On an aside, what is a "Marxist interpretation" of geography?  All the countries on the map are either Red for liberated or different shades of red?


----------



## Cloud Cover (30 Nov 2006)

Edward Campbell said:
			
		

> Christmas!?! *Bah! Humbug!*
> 
> But: The spelling in this thread is atrocious.  :rage:  For shame!  :tsktsk:



I am also appauld with that.


----------



## cplcaldwell (30 Nov 2006)

I've been struggling with this a bit. 

*geo, +1* you got what I wanted to say nailed.

(Besides I asked my wife last night and she said virtually the same thing  )


----------



## a_majoor (30 Nov 2006)

Zell_Dietrich said:
			
		

> On an aside, what is a "Marxist interpretation" of geography?  All the countries on the map are either Red for liberated or different shades of red?



Bizzare as it sounds, Zell, a friend of mine who is in the post graduate geography program in Western claims this is actually the case with several of his profs over the years. Since geography encompasses human agency in the use and modification of geological structures and formations, Marxists can lay claim to this area of study. (I would be very interested to see a Marxist interpretation of *Geology*, however  ).

Not having studied geology since high school, I can hardly even imagine what this entails (it was bad enough studying economics in college, although I did have one "Chicago School" prof who came from Western to teach our class to even things out), although I suspect a lot of it has to do with how undefinable "historical forces" influence the settlement of the land and its use.

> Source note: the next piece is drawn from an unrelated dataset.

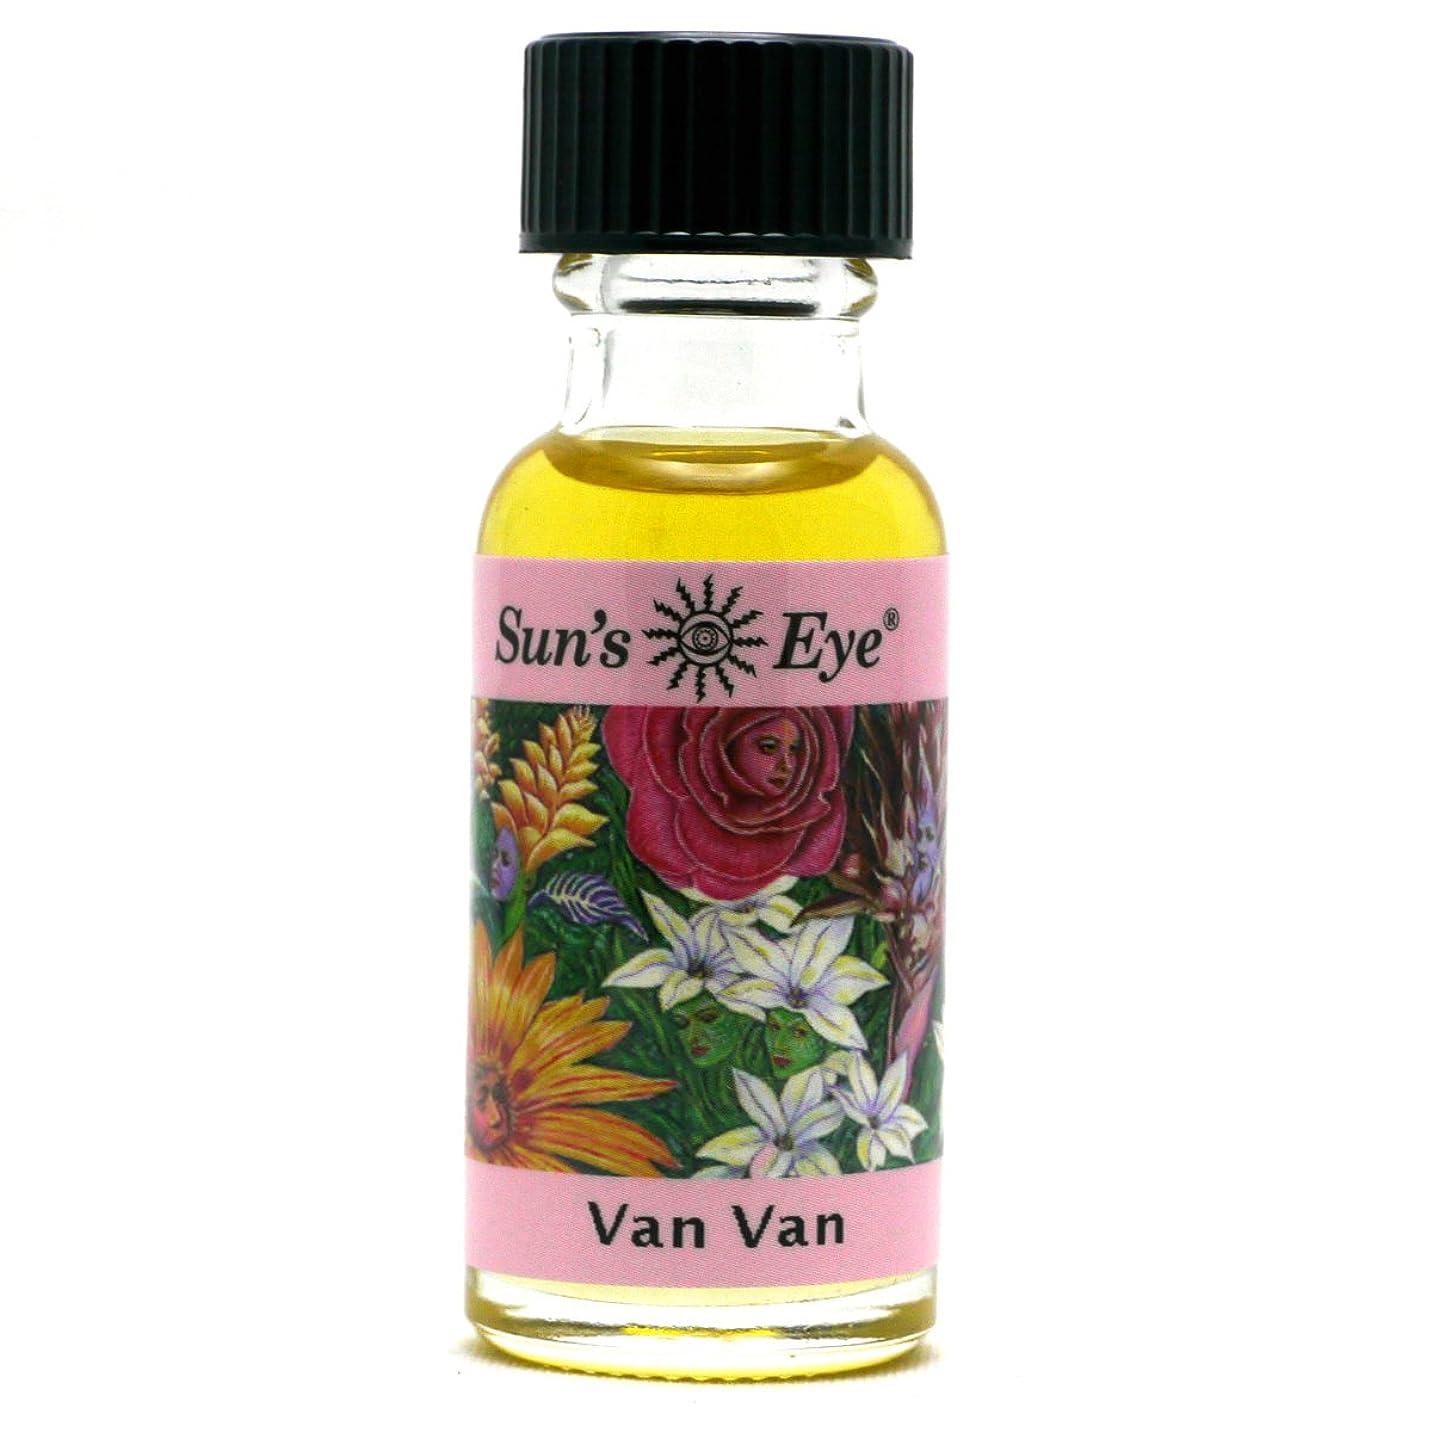 欠員合体マザーランド【Sun'sEye サンズアイ】Specialty Oils(スペシャリティオイル)Van Van(ヴァンヴァン)浄化と成功

History "should" be an antidote to this sort of thinking, but of course History is often taught from this sort of perspective as well.


----------



## cplcaldwell (30 Nov 2006)

Oh and Zell, 

Marxist Geography, you need to read David Harvey, Social Justice and the City  and Limits to Capital.


----------



## niner domestic (30 Nov 2006)

It would be interesting to see how many of the children who attended the parade, have "tanks" and such listed on their letters to Santa.  Even more interesting would be to see the breakdown of "tank" like toy sales in the immediate area , who would have been ** spoiler - for those who still believe in Santa, stop reading** purchased by the adults.  I'd be also interested in seeing the shelves of the dept store in situ, to see if they contain displays of military like toys, and if evident, ask why are these same people complaining about the parade not complaining about the toy sections?


----------



## Zell_Dietrich (30 Nov 2006)

cplcaldwell said:
			
		

> Oh and Zell,
> 
> Marxist Geography, you need to read David Harvey, Social Justice and the City  and Limits to Capital.



Thank you,  if I see them I'll give them a read through.  I'm kinda swamped right now with finals coming up and as annoying as it sounds I have to read The cruel Sea and I can't speed read it.  In an inverted rhythm and odd voice the book I find the book.  It is a great read,  I just have to do it slowly. 

Now I thought that having a military presence at Christmas parades was traditional, especially in a time of war.  Being there for those who are away. But apart from the tank and the sign this had nothing to do with the military.  Were any of those letters saying the sign was inappropriate?  I want to believe that people up there also don't like Fantino, but I could just be cranky because I'm forming a new beret - a little to tight.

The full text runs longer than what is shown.